=== Section Start ===

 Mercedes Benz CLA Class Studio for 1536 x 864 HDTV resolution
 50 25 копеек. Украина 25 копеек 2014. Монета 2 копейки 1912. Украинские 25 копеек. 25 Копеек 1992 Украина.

=== Section End ===
=== Section Start ===

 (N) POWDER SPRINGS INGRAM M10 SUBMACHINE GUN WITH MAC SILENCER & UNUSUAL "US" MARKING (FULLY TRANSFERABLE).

=== Section End ===

WHAT YOU WILL DO |
Copy out, word for word, the part of the entries above that begins at the line with "Mercedes Benz CLA" and ends at the line with "50 25 копеек.", including both.

REPLY TO THE EXERCISE |
 Mercedes Benz CLA Class Studio for 1536 x 864 HDTV resolution
 50 25 копеек. Украина 25 копеек 2014. Монета 2 копейки 1912. Украинские 25 копеек. 25 Копеек 1992 Украина.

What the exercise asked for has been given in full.